David Blair Damage to Sumed pipeline could trigger another oil price jump

Egypt may not be among the Middle East’s significant oil producers, but the country’s turmoil has placed upward pressure on oil prices nonetheless.

The most important explanation is the market’s fear that Egypt’s revolution may spread to the rest of the region. But there is also a secondary concern about the security of important transit routes across Egyptian territory.

The Suez Canal is not as important for crude oil supplies as might be thought. According the most recent figures available from the Suez Canal Authority, only 573,000 barrels per day passed through the Canal in 2009, less than half the figure for 2006.

The Sumed pipeline, running from the Red Sea to the Mediterranean, is of greater significance. Analysts believe this 220-mile link is currently transporting 1.1m barrels per day, almost twice as much as the Suez Canal.

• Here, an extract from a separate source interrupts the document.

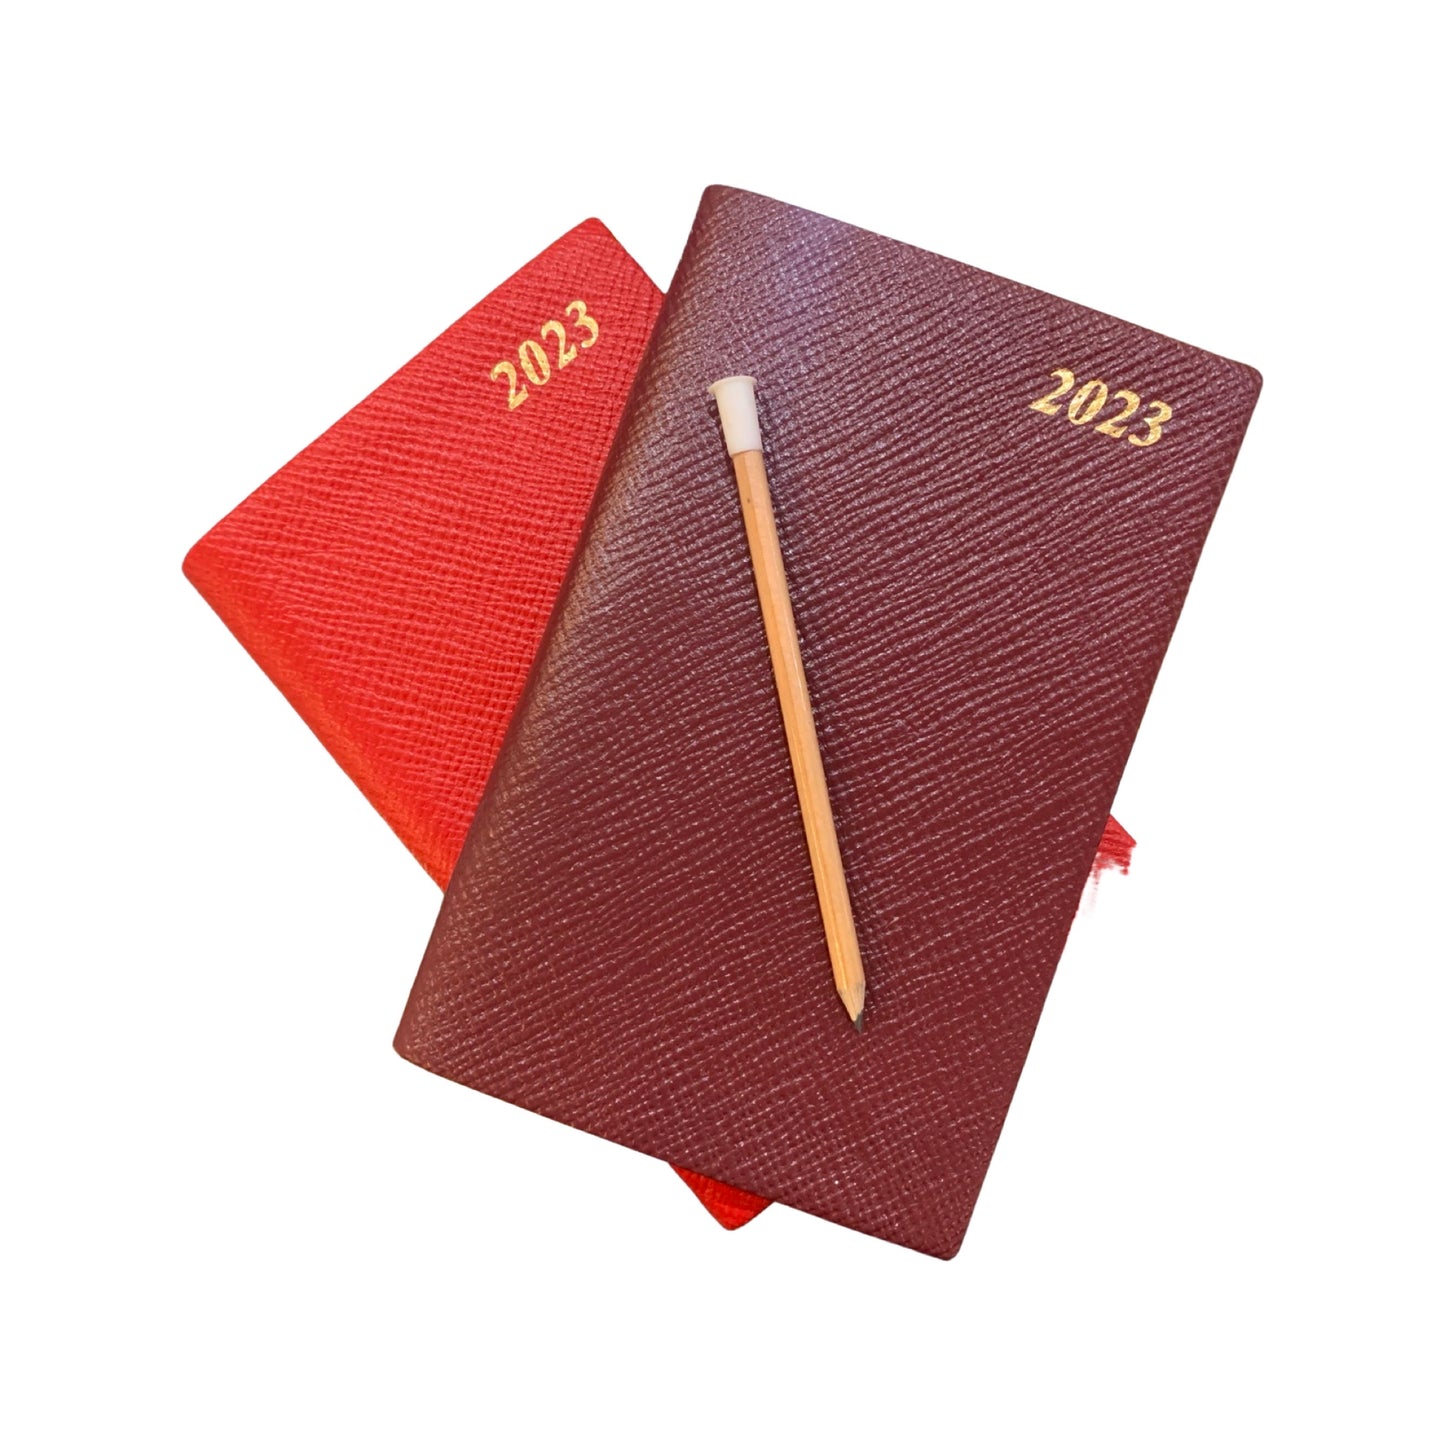 YEAR 2023 CROSSGRAIN Leather Pocket Calendar Book | 5 x 3" | Pencil in Spine | D753LJ
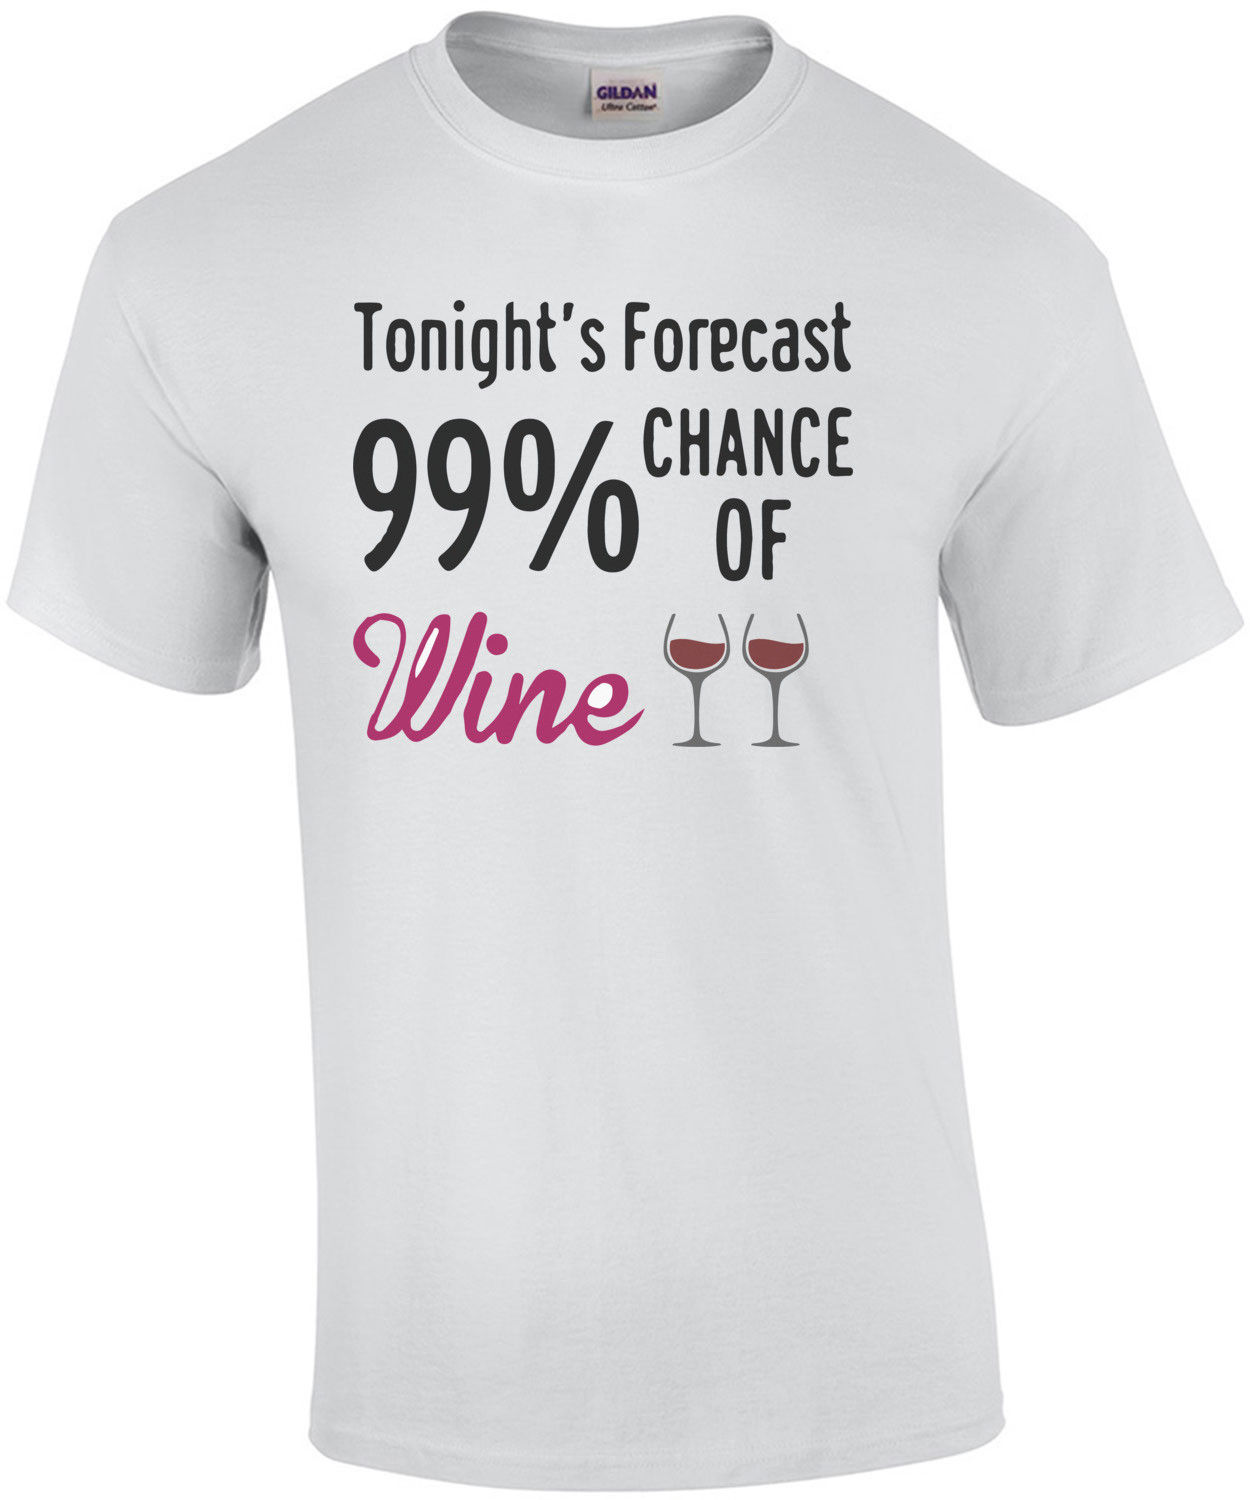 Tonight's Forecast 99% Chance of Wine. T-Shirt

A pipeline is inherently more vulnerable than a Canal and Sumed follows a far more exposed route, beginning at the Ain Sukhna terminal on the Gulf of Suez and running north-west, past Cairo to the Sidi Kerir tanker facility on the Mediterranean coast near Alexandria.

As such, the pipeline passes uncomfortably close to the main centres of unrest. Reports say that troops have been deployed to guard Sumed and the number of sentry posts has been doubled to 30 – which does not sound very much for a structure that is 220 miles long.

So far, there are no reports of sabotage or accidental damage. None of the players in the political confrontation in Egypt has an obvious interest in disrupting the pipeline. Even if it were to be cut off, the Suez Canal would serve as an alternative. In extremis, tankers could be rerouted around the Cape of Good Hope.

With the market in such a febrile state, however, any suggestion of damage to Sumed could have significant repercussions.